• _How to complete this task_: Please give again, word for word, the lines that lie between the start of the listing below and the line with "angi wydarzenia kulturalnego.", both included.

• _Input records_:
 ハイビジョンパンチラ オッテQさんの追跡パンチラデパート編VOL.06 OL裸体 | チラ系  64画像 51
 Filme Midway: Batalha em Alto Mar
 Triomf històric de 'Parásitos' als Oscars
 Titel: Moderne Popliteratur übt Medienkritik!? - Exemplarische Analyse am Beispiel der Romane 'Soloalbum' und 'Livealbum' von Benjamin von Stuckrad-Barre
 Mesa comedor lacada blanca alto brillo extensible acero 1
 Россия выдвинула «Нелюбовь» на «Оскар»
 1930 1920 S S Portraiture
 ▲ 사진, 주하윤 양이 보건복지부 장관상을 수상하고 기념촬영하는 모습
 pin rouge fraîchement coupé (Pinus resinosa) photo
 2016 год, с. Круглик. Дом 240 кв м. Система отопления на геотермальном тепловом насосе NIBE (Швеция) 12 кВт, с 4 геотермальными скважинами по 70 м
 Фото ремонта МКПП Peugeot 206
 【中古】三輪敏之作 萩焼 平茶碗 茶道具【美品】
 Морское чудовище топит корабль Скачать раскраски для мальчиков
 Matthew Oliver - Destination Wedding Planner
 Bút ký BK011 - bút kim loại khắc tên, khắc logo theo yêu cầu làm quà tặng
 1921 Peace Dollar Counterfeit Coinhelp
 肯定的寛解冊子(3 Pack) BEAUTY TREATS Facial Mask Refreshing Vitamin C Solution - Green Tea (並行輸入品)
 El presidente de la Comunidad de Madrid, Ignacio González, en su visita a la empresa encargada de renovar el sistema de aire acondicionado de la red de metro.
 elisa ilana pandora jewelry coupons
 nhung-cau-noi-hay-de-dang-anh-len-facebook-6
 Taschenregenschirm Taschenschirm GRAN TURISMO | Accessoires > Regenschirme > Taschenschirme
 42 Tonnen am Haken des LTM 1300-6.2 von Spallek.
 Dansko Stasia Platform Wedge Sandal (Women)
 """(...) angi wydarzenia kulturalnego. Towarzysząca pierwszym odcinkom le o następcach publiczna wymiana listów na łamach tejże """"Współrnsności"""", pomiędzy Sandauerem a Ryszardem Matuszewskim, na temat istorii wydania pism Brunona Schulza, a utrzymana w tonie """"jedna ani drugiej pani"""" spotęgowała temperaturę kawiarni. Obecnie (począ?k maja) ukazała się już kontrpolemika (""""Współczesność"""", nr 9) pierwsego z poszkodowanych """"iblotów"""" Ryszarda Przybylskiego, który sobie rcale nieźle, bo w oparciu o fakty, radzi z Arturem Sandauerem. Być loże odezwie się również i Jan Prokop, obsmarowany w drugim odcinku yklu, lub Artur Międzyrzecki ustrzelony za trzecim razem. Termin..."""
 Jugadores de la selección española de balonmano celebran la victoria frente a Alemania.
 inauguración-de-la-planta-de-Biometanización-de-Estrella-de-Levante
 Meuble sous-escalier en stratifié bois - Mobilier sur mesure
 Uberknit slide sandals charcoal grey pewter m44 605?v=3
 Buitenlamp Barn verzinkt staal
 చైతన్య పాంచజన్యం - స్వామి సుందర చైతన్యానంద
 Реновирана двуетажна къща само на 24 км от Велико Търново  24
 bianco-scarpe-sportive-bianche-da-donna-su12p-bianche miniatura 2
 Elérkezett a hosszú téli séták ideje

• _Result below_:
 ハイビジョンパンチラ オッテQさんの追跡パンチラデパート編VOL.06 OL裸体 | チラ系  64画像 51
 Filme Midway: Batalha em Alto Mar
 Triomf històric de 'Parásitos' als Oscars
 Titel: Moderne Popliteratur übt Medienkritik!? - Exemplarische Analyse am Beispiel der Romane 'Soloalbum' und 'Livealbum' von Benjamin von Stuckrad-Barre
 Mesa comedor lacada blanca alto brillo extensible acero 1
 Россия выдвинула «Нелюбовь» на «Оскар»
 1930 1920 S S Portraiture
 ▲ 사진, 주하윤 양이 보건복지부 장관상을 수상하고 기념촬영하는 모습
 pin rouge fraîchement coupé (Pinus resinosa) photo
 2016 год, с. Круглик. Дом 240 кв м. Система отопления на геотермальном тепловом насосе NIBE (Швеция) 12 кВт, с 4 геотермальными скважинами по 70 м
 Фото ремонта МКПП Peugeot 206
 【中古】三輪敏之作 萩焼 平茶碗 茶道具【美品】
 Морское чудовище топит корабль Скачать раскраски для мальчиков
 Matthew Oliver - Destination Wedding Planner
 Bút ký BK011 - bút kim loại khắc tên, khắc logo theo yêu cầu làm quà tặng
 1921 Peace Dollar Counterfeit Coinhelp
 肯定的寛解冊子(3 Pack) BEAUTY TREATS Facial Mask Refreshing Vitamin C Solution - Green Tea (並行輸入品)
 El presidente de la Comunidad de Madrid, Ignacio González, en su visita a la empresa encargada de renovar el sistema de aire acondicionado de la red de metro.
 elisa ilana pandora jewelry coupons
 nhung-cau-noi-hay-de-dang-anh-len-facebook-6
 Taschenregenschirm Taschenschirm GRAN TURISMO | Accessoires > Regenschirme > Taschenschirme
 42 Tonnen am Haken des LTM 1300-6.2 von Spallek.
 Dansko Stasia Platform Wedge Sandal (Women)
 """(...) angi wydarzenia kulturalnego. Towarzysząca pierwszym odcinkom le o następcach publiczna wymiana listów na łamach tejże """"Współrnsności"""", pomiędzy Sandauerem a Ryszardem Matuszewskim, na temat istorii wydania pism Brunona Schulza, a utrzymana w tonie """"jedna ani drugiej pani"""" spotęgowała temperaturę kawiarni. Obecnie (począ?k maja) ukazała się już kontrpolemika (""""Współczesność"""", nr 9) pierwsego z poszkodowanych """"iblotów"""" Ryszarda Przybylskiego, który sobie rcale nieźle, bo w oparciu o fakty, radzi z Arturem Sandauerem. Być loże odezwie się również i Jan Prokop, obsmarowany w drugim odcinku yklu, lub Artur Międzyrzecki ustrzelony za trzecim razem. Termin..."""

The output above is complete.